Итак, да здравствует Наполеон IV! Правда, сейчас о нем никто и не думает, но я уверен, что во всей этой кутерьме он сыграет главную роль. А если возьмется за дело умеючи, то не только даром вернет Эльзас и Лотарингию, но еще и расширит границы Франции до самого Рейна. Лишь бы Бисмарк не спохватился слишком рано и не догадался, что использовать в своих целях Бонапарта — все равно что впрягать в тачку льва. Мне таки кажется, что в этом единственном вопросе Бисмарк просчитается. И, откровенно говоря, я об этом сожалеть не стану, ибо он никогда не внушал мне доверия.
. . . . . . . . . . . . . . . . . . . . . . . . . . . . . .
Что-то неладно у меня со здоровьем. Не то чтобы у меня что-нибудь болело, но так как-то… Не могу много ходить, потерял аппетит, даже не очень хочется писать.
В магазине почти нечего делать: там уже хозяйничает Шлангбаум, а я только так, между прочим занимаюсь делами Стаха. К октябрю Шлангбаум должен окончательно расплатиться с нами. Бедствовать мне не придется, потому что славный Стах обеспечил мне полторы тысячи в год пожизненной пенсии; но как подумаю, что скоро уже потеряю всякое значение в магазине и ничем не буду вправе распоряжаться…
Не стоит жить… Иной раз такая тоска берет, что, если б не Стах и не юный Наполеон, сделал бы с собою невесть что… Кто знает, старый дружище Кац, не умнее ли ты поступил?
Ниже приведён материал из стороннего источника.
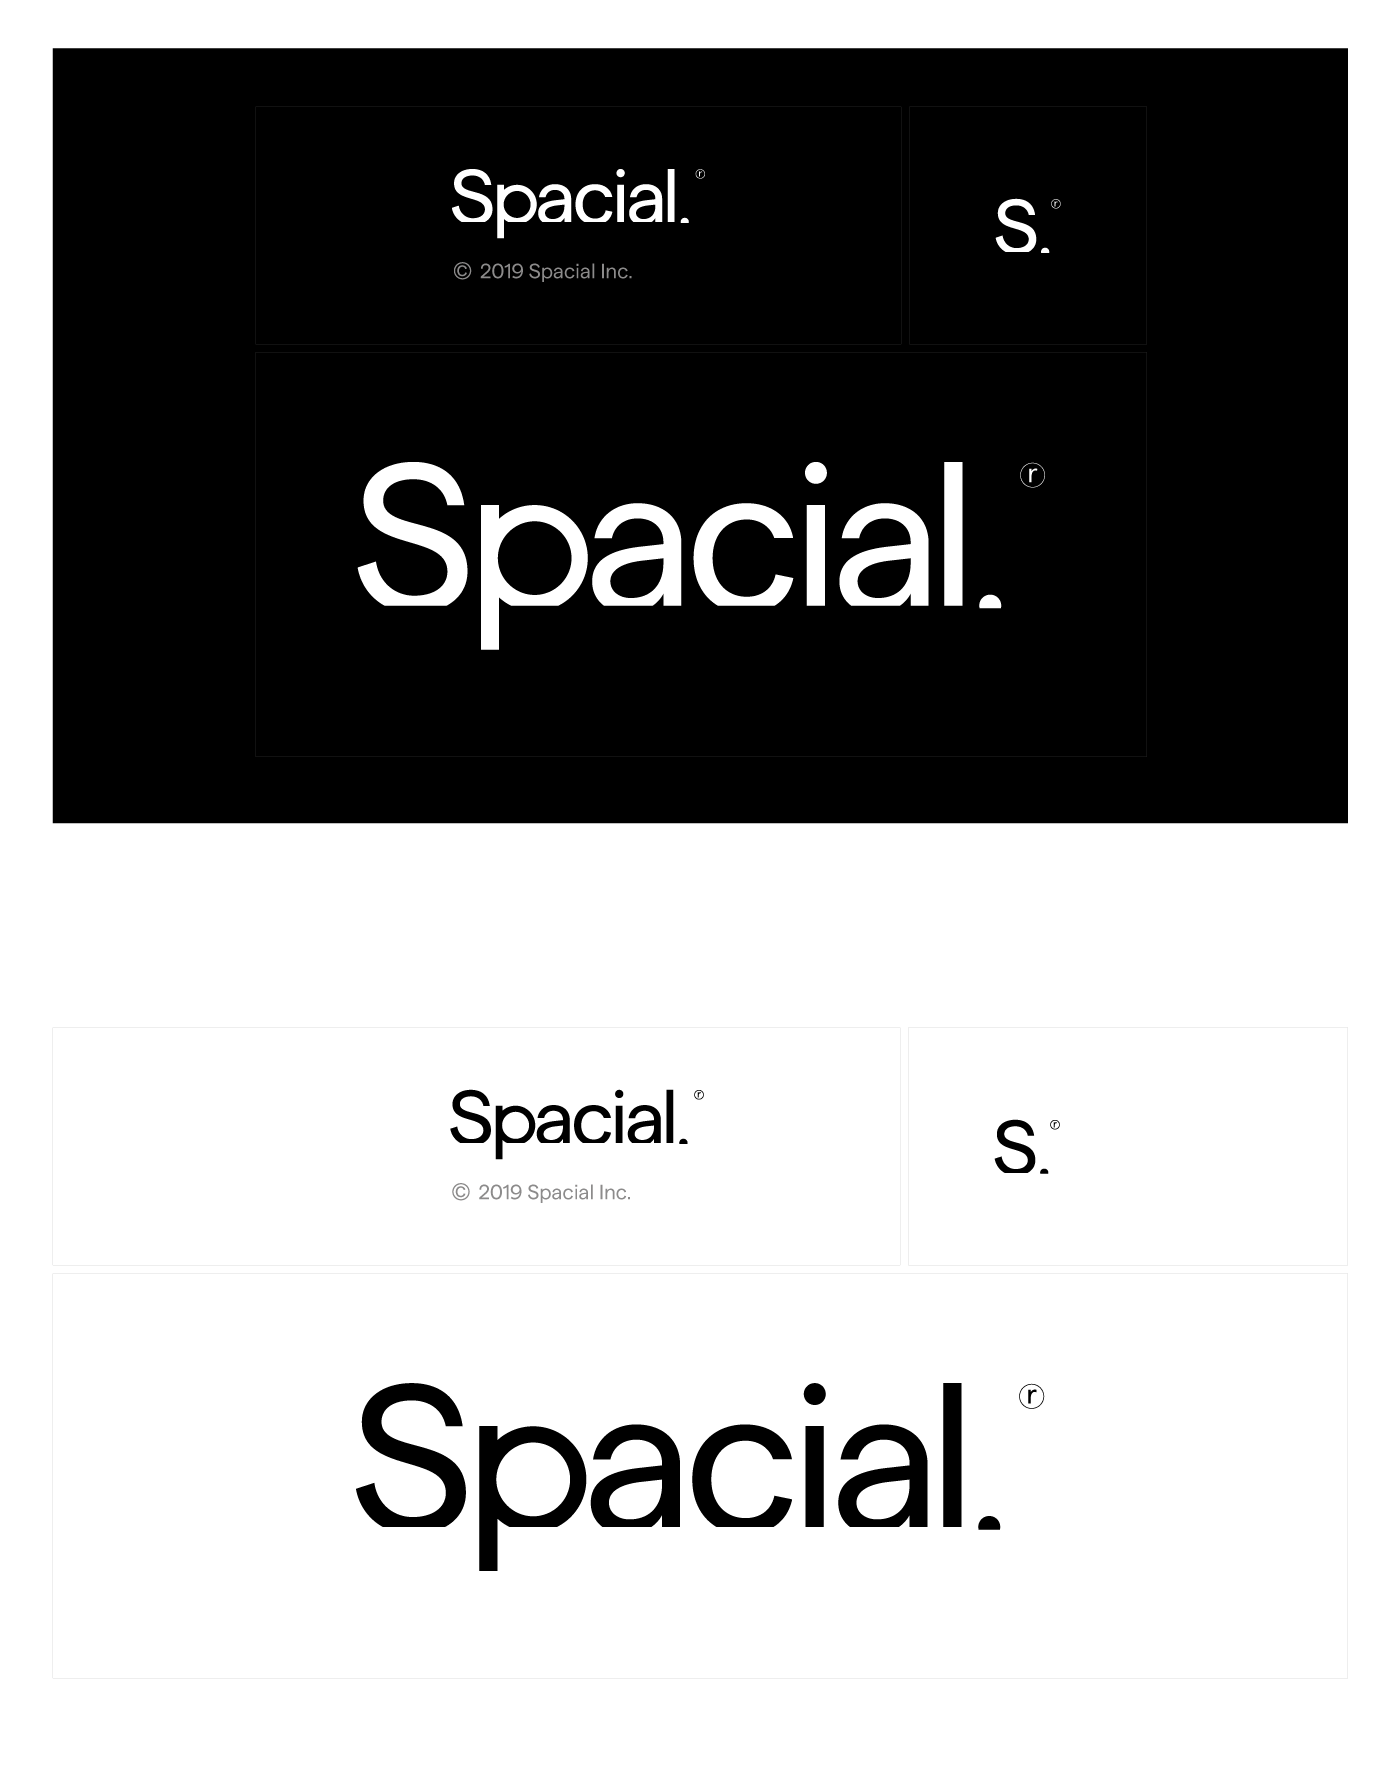 New logo for Spacial

Надеяться тебе, правда, уже не на что, зато и нечего бояться разочарований… Не говорю, что я их опасаюсь, потому что ведь ни Вокульский, ни Бонапарт… Но все же… что-то не то…
Как я ослабел: мне уже и писать трудно. Хорошо бы поехать куда-нибудь… Боже мой, за двадцать лет я носа не высунул за варшавскую заставу! А временами так тянет еще хоть раз перед смертью взглянуть на Венгрию… авось на старых полях сражений я разыскал бы хоть кости старых товарищей… Эх, Кац, Кац!.. Помнишь ли этот дым, и свист, и сигналы?.. И какая тогда была зеленая трава, и как светило нам солнце!..
Ничего не поделаешь, придется собраться в путь, поглядеть на горы и леса, подышать воздухом широких равнин, залитых солнцем, — и начать новую жизнь. Может, даже переберусь куда-нибудь в провинцию, поближе к пани Ставской. Да и что же еще остается пенсионеру?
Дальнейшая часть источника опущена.